Another point is whether you have KMS activated in your kernel or not.

Ati closed driver will not work in a activated KMS kernel configuration.

There are so many parameters differing between the two drivers I would really advise you to have different kernels.

For the record, Intel embedded CG made my configuration task even harder, leading me to a third kernel configuration, but that another story I guess.

Thanks for your attention.

----------

## _Flame_

Thank you for your participation. Two kernels with different configurations are so uncomfortable for me. I don't worry about unsuccessful reboot because i always have a previous build of kernel. And early i could use both drivers without any problem. And KMS didn't mess at all. My xorg version isn't old but i have it's filled for choosing type of driver and some options. I don't think that it has big meaning. And of course i always choose proper opengl implementation of particular driver. This problem happened to me just after updating of flgrx. Thank you for your advice i will try to adjust some kernels parameters and i hope it will fix this problem. Thanks.

----------

## CaptainBlood

Do you have big kernel lock enabled in your kernel? AFAIK it is mandatory.

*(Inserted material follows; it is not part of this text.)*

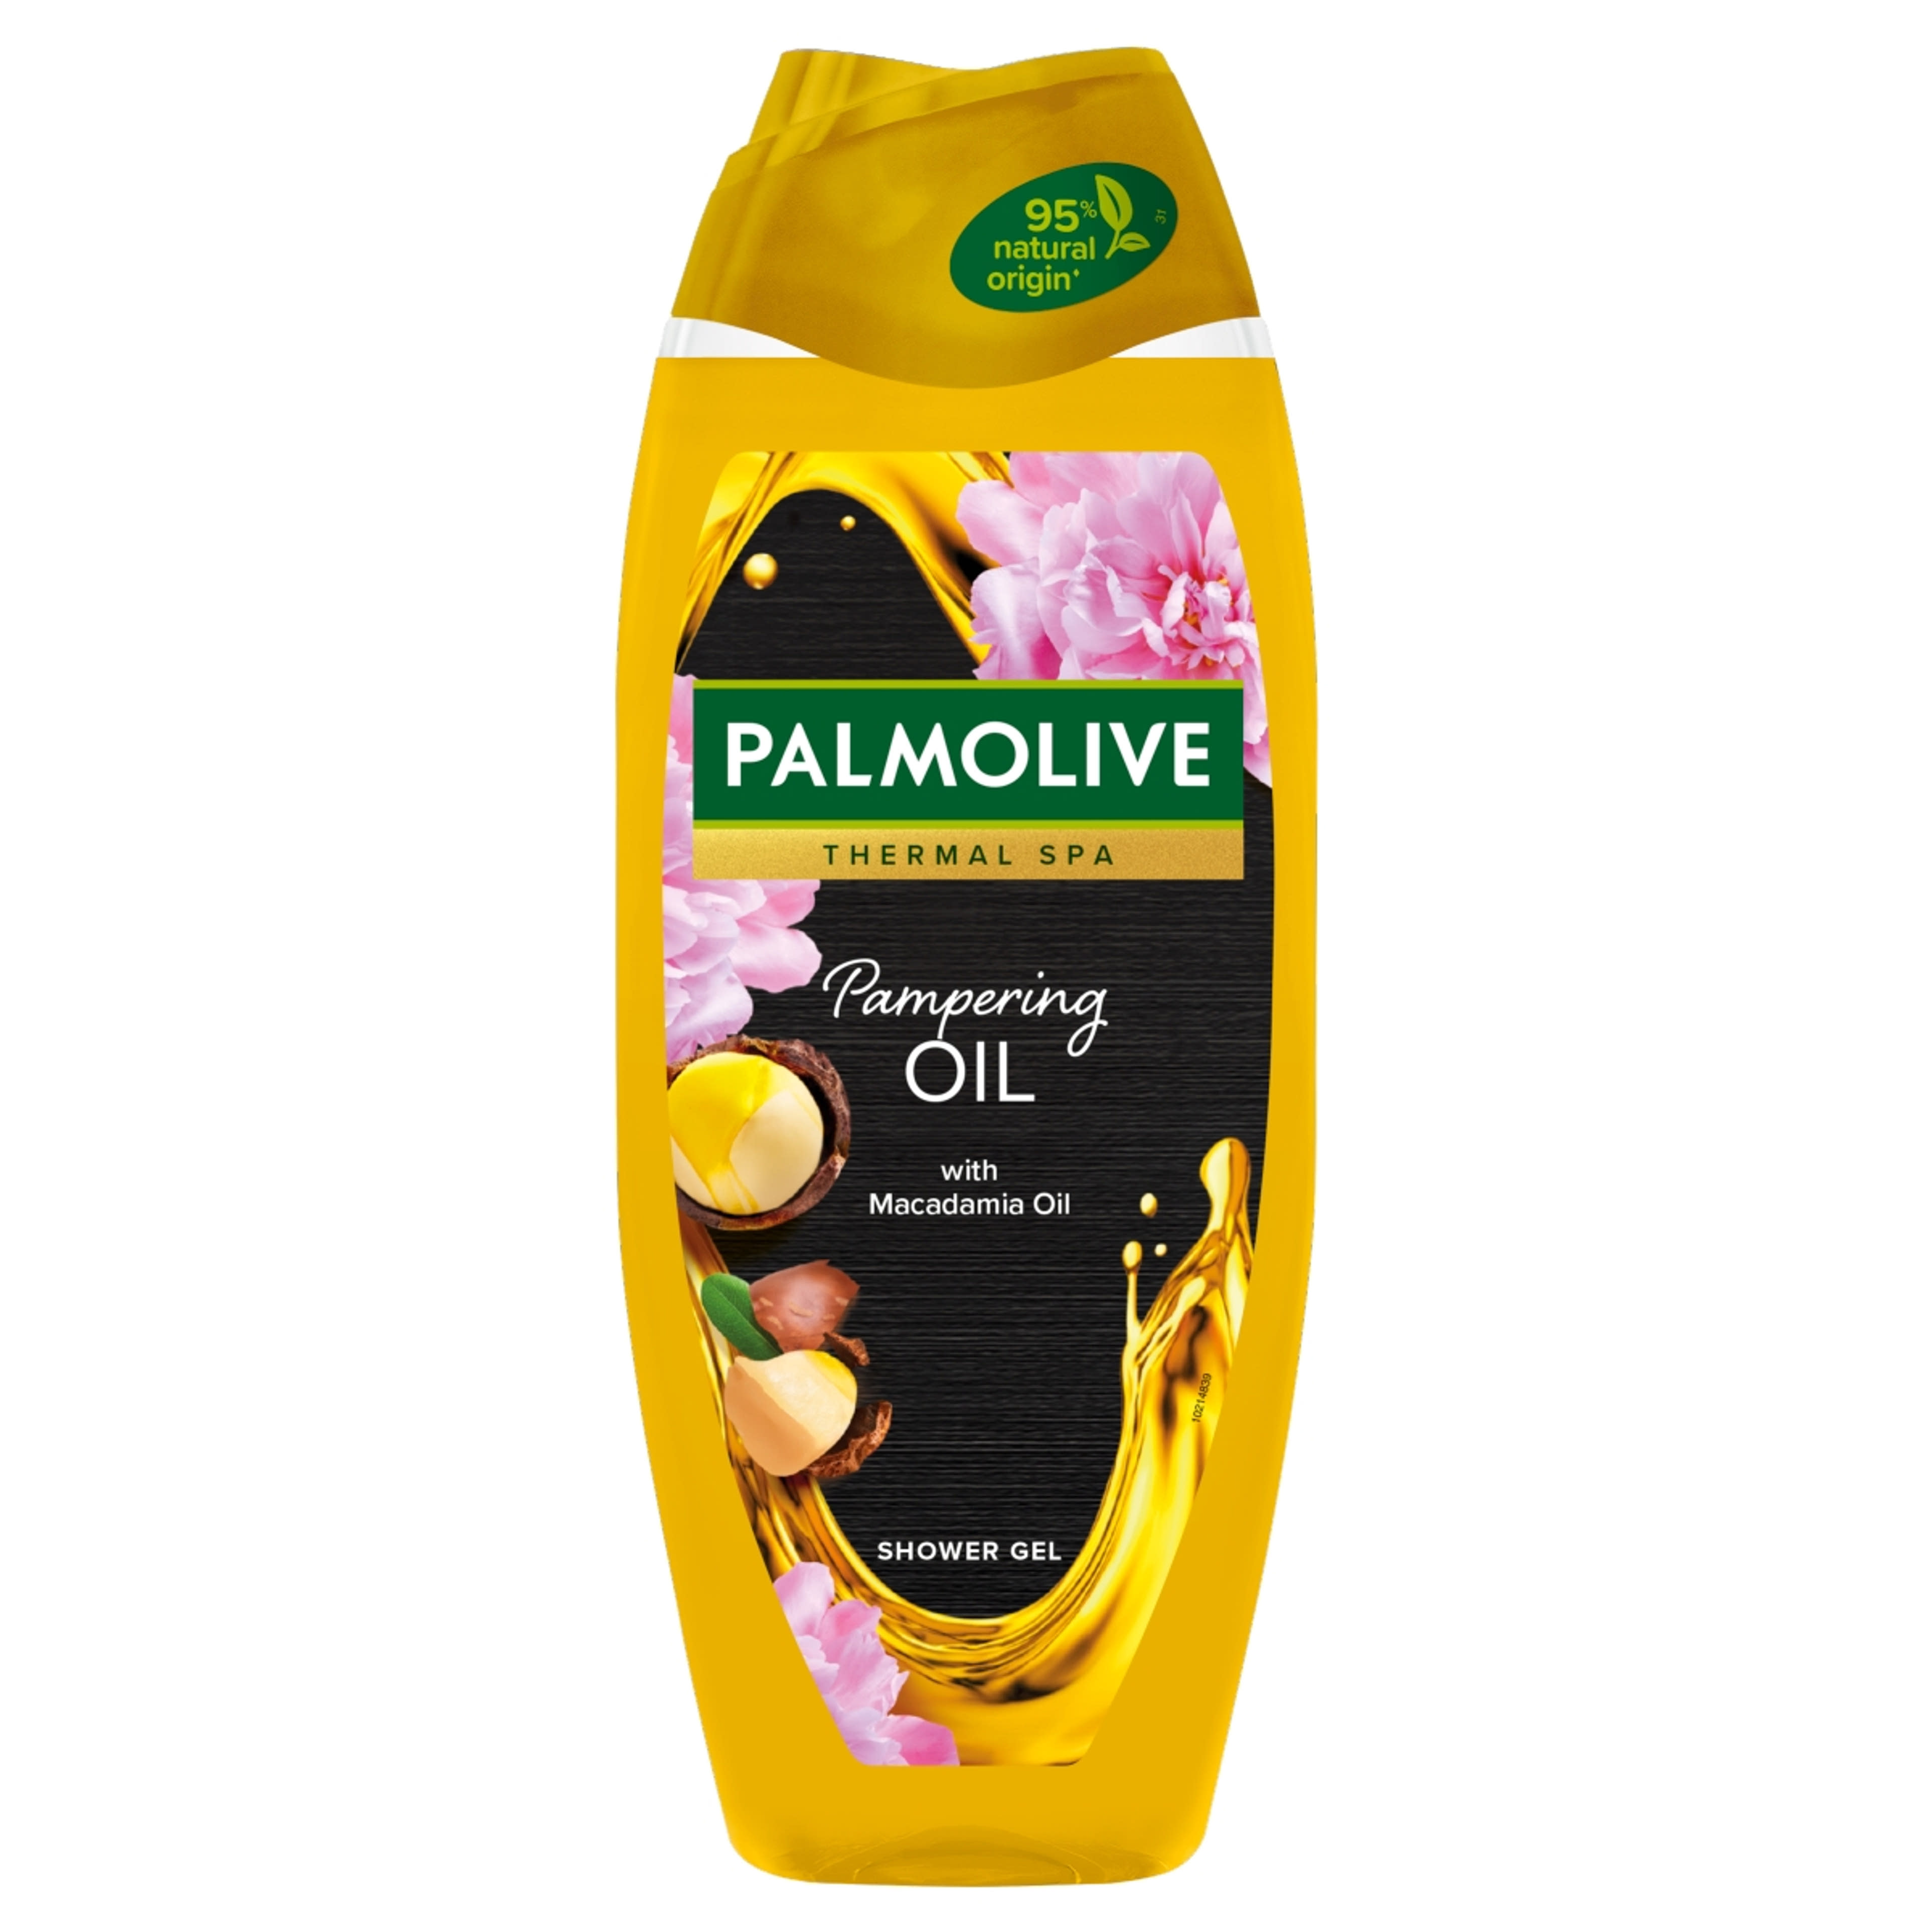 Palmolive Thermal Spa Pampering Oil tusfürdő - 500 ml

I can't remember since when.

----------

## _Flame_

I installed kernel 2.6.39 and disabled dri, kms, all framebuffers.  But i have the same segfault as first.

 *CaptainBlood wrote:*   

> Do you have big kernel lock enabled in your kernel? AFAIK it is mandatory.
> 
> I can't remember since when.

 

fglrx needs a big kernel lock? It's very strange.

----------

## oly12

Hi,

 I have the same problem too and am running kernel 2.6.39. I understand that the big kernel lock is no longer in 2.6.39. Does that mean we have to downgrade to kernel 2.6.38? Thank you in advance for your clarification.

----------